There was a lack of clarity around who was responsible for testing, which contributed to the rate of testing not increasing as expected. According to KU, if the government had acted sooner to ensure regional authorities had a sufficient budget for testing it could have sped it up. It also noted that the government should have ordered the Public Health Agency to develop a national strategy to expand testing sooner.

It also criticised the government for not putting forward a proposal for a Pandemic Law that gave it more extensive powers to impose new rules sooner. The law was only rushed through in January 2021 – months after a previous similar, but not identical, law had expired. KU argued that the Swedish parliament should have been given more time to process the government's Pandemic Law bill.

KU also found that it was unclear who was in charge of purchasing protective equipment and other healthcare equipment for local and regional authorities, with several providers believing they were only to sell equipment to the National Board of Health and Welfare.

It also stressed that the government's decision to impose limits on the number of people allowed to attend public gatherings and public events constituted significant restrictions on people's constitutionally protected rights and freedoms.

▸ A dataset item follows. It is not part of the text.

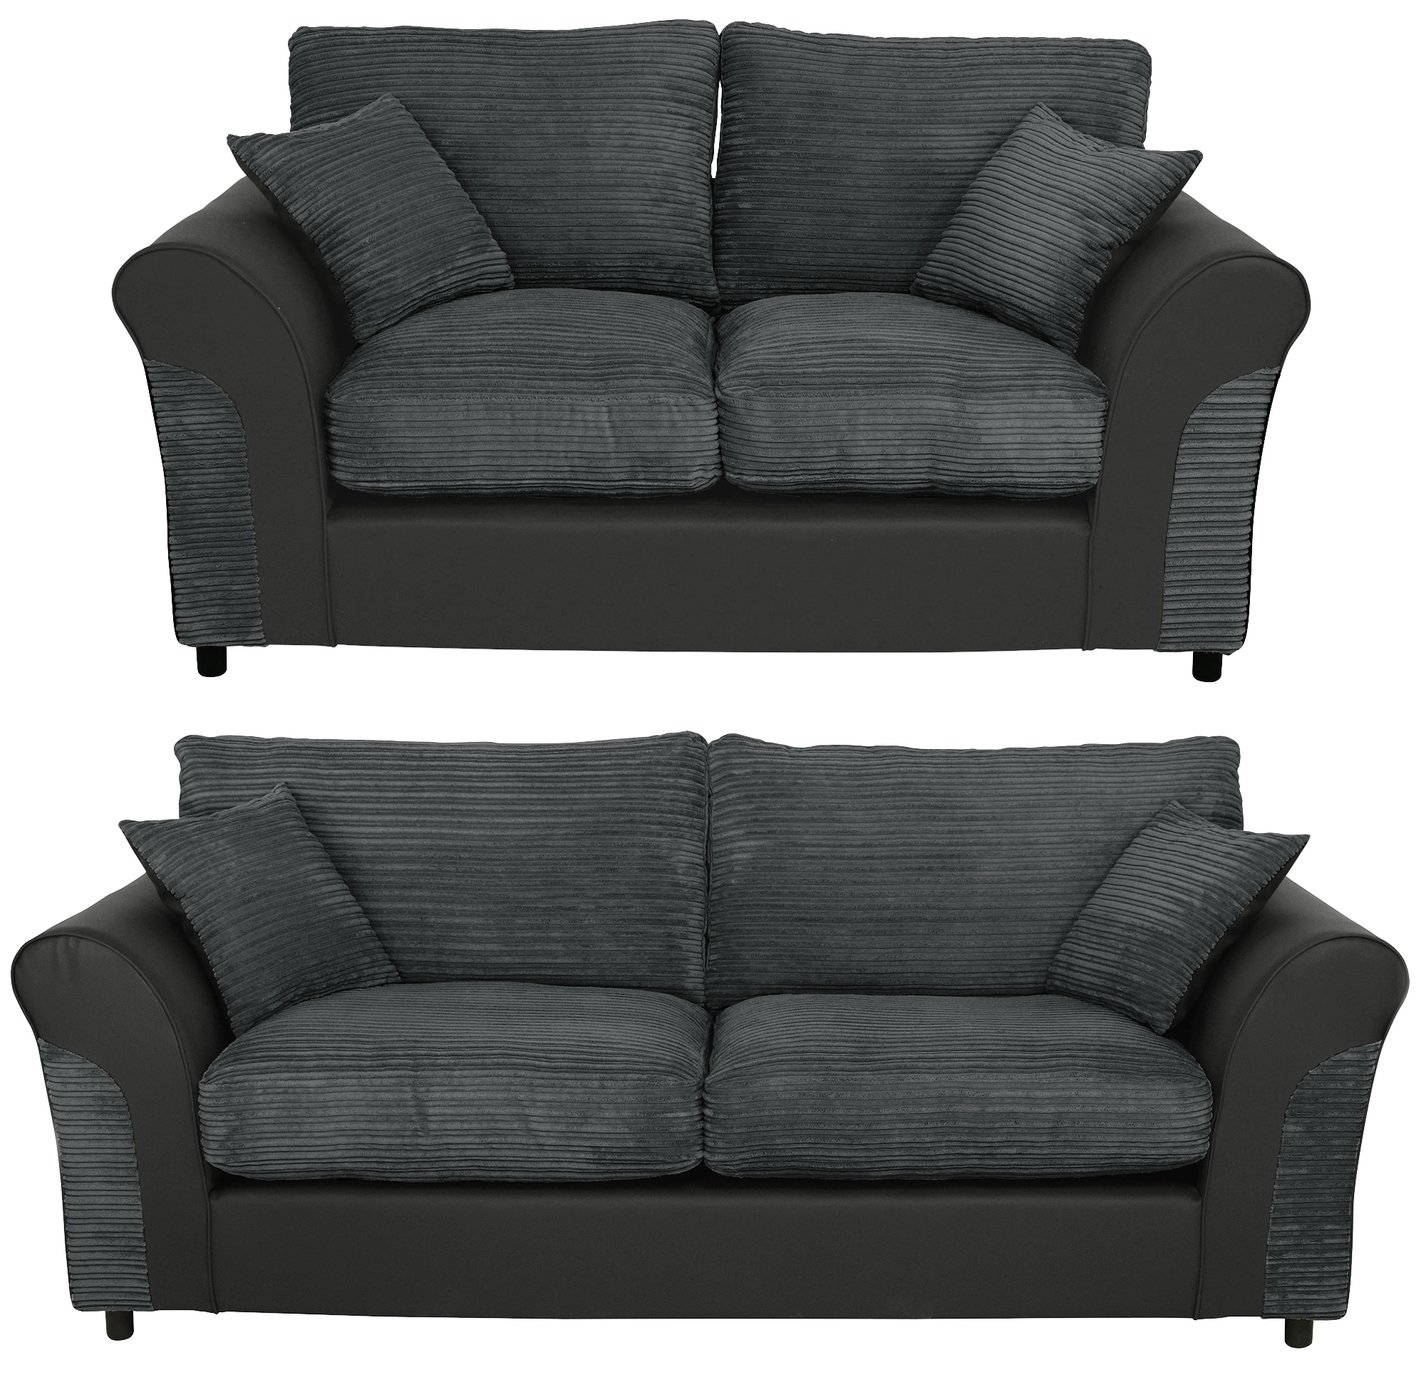 Argos Home Harry Fabric 2 Seater & 3 Seater Sofa review

The government should therefore at an earlier stage have given the Public Health Agency the job of continuously reveiwing the epidemiological necessity of these restrictions.

The committee was unanimous in its criticism, but Social Democrat represenative Hans Ekström told reporters: "Most of the work has worked well, but it is obvious that Sweden was not fully prepared."

This is one of two investigations being carried out into the Swedish coronavirus strategy. KU's inquiry mainly focused on the government's role and whether or not it was in line with its constitutional obligations, and not as much on Sweden's coronavirus strategy as a whole.

A separate investigation by the Coronavirus Commission, set up by the government, will take a more in-depth look at the wider strategy. It published its first report in December, looking then at the handling of the pandemic in the elderly care sector, which meant the bigger questions over Sweden's decisions to avoid the lockdowns seen elsewhere were only mentioned in passing.

The commission’s second report, due on October 31st, will look into the choice of strategy as one of twelve different subjects.